Further clinical evaluation on imported cases from outside of China
After the construction of the assistant discrimination tool was completed, there are some confirmed COVID-19 cases that were imported from outside of China and were received in Gansu Province. In order to make an in-depth assessment for the built tool, 24 samples of 14 patients from Lanzhou Pulmonary Hospital were collected when first performed the routine laboratory blood tests, including 2 routine hematological parameters and 9 biochemical parameters. The prediction results were shown in Figure 5. 22 of 24 samples were accurately identified through using our designed web server with an accuracy rate of 0·9 167. Changes for related blood components could not be captured by the tool due to the early stages of virus infection, the patients with mild symptoms were not accurately diagnosed. However, the high-precision performance has greatly encouraged the confidence to make more adequately preparation for further clinical practice.
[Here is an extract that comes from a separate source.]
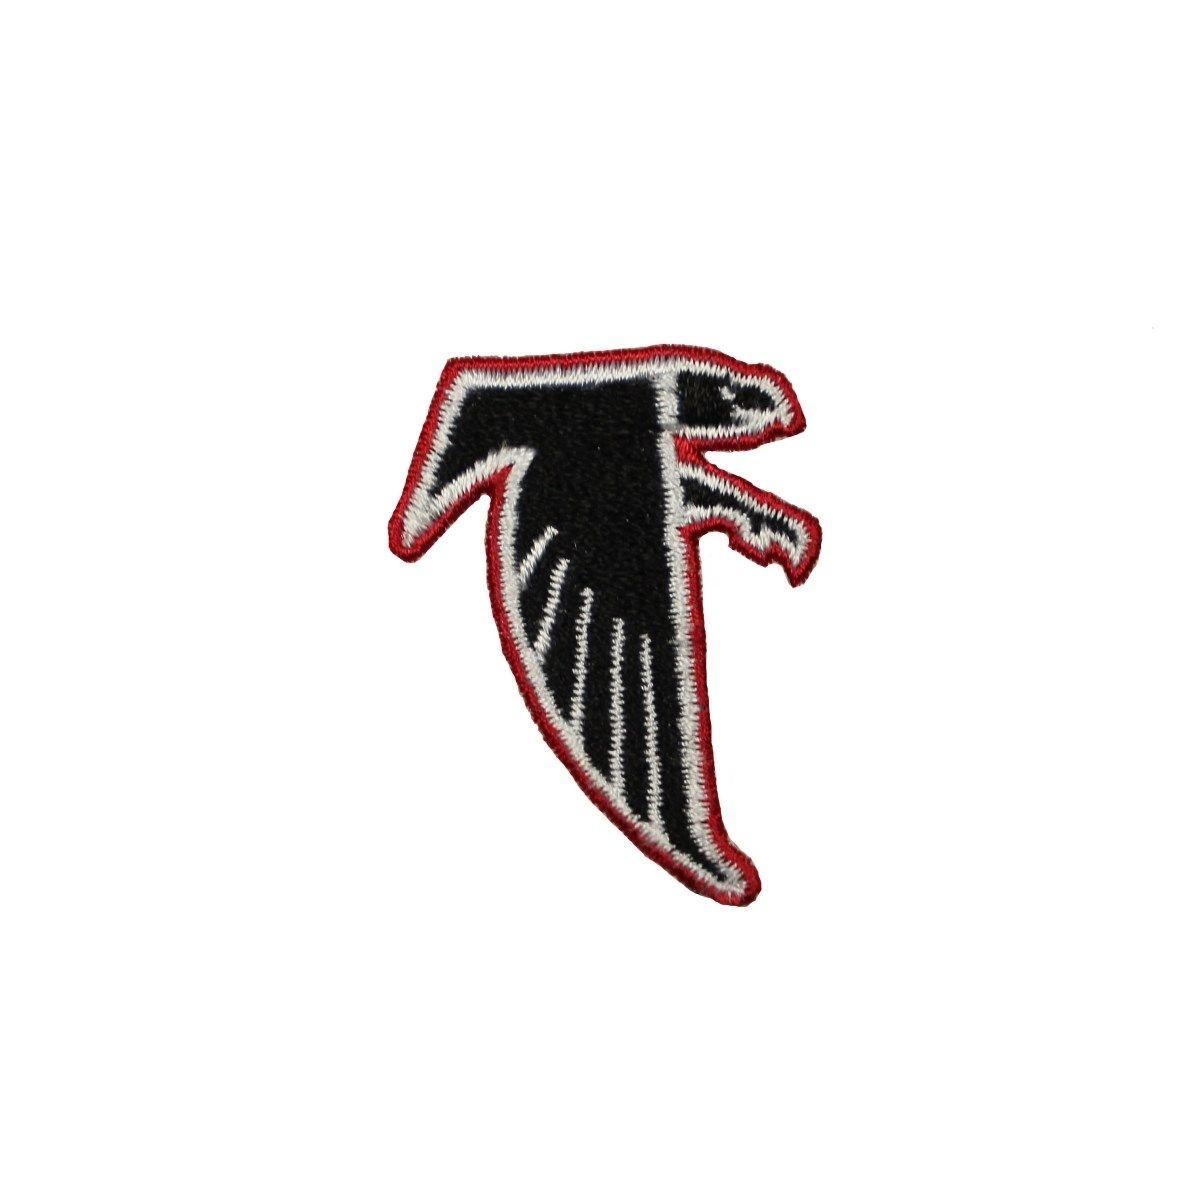 Falcon Team Logo - Lot of 4 Atlanta Falcons Old Team Logo Patch Crest Embroidered Iron

Application domain of this tool
This method is built on data of suspected patients which presented similar CT information or similar symptoms with COVID-19 like fever, cough, myalgia or fatigue, which are followed the first triage results in hospital before the nucleic acid assay. This tool has been validated many times with good performance on these suspected patients and we have faith on its proper application on further tests to identify COVID-19 cases from other suspected cases.
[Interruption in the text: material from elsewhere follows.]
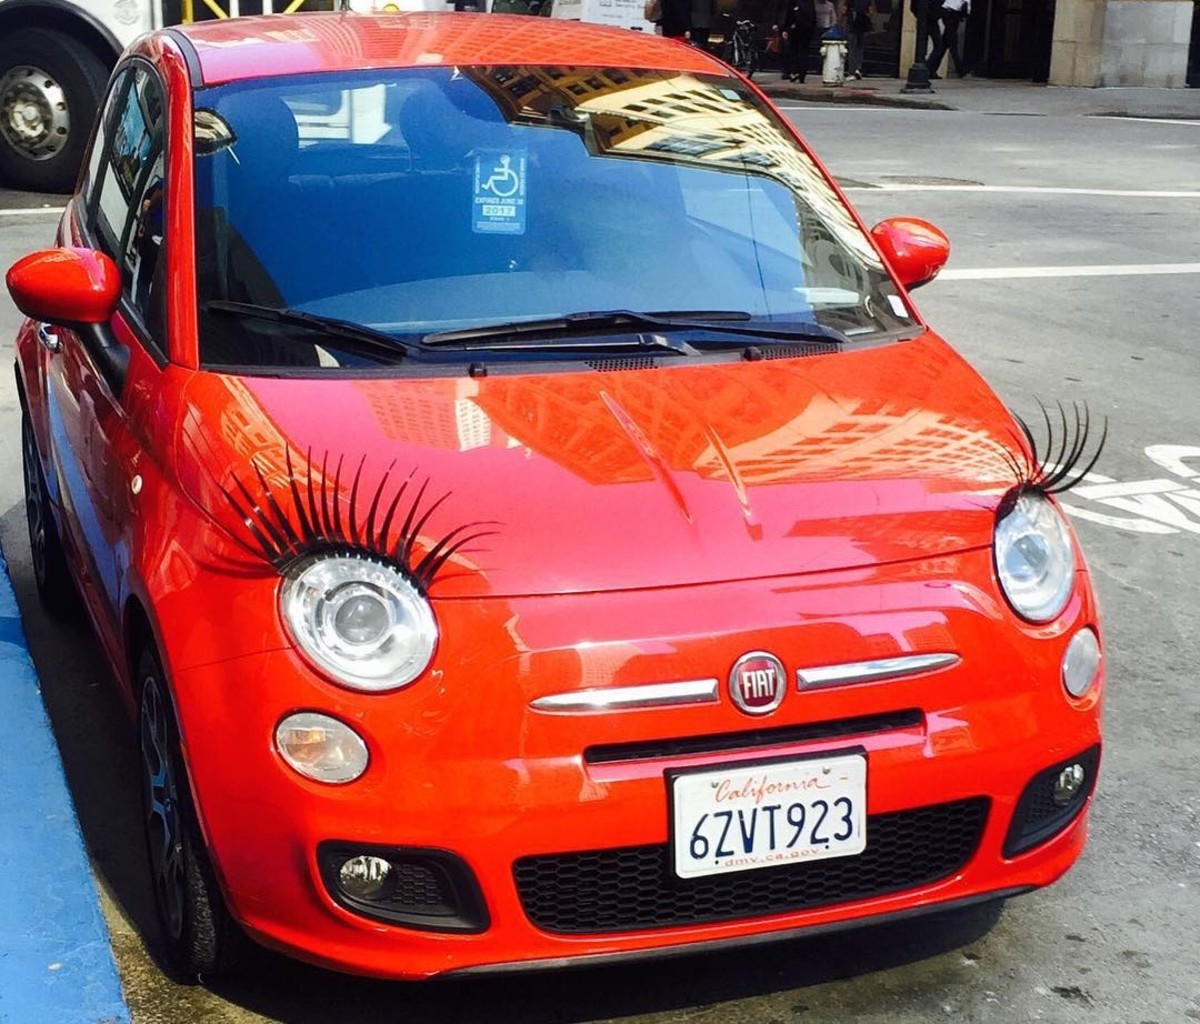 11 Cute Ways to Make Your Car More Girly and Glamorous

However, its application on identification COVID-19 cases with atypical symptoms is not confirmed since these cases were hard to collect in the current situation. Anyway, we still believe that if more laboratory parameters are collected, machine learning algorithms may extract more valuable candidate markers to identify COVID-19 infection, even from the whole population, whether with or without typical symptoms.
Conclusion
In conclusion, the assistant tool was built with 11 top-ranking clinical available blood indices that were extracted from the random forest algorithm. This result may capture the inherent patterns of these routine parameters to make routine blood tests play an influential role on the value of alarm diseases. After several evaluations, it is of extraordinary benefit to be exploited for large-scale initial screening on suspected patients of COVID-19 to minimize the risk of the virus, especially for confirmed patients taken the timely isolation and treatment, which is currently known the most effective response. Although the proposed tool needs to be tested by more clinical practice, the method provides some new insights into for the rapid diagnosis of COIVD-19 infection to cope with severe situations due to terrible characteristic of the human-to-human transmission.
Data Availability
The data used to support the findings of this study are available from the corresponding author upon request.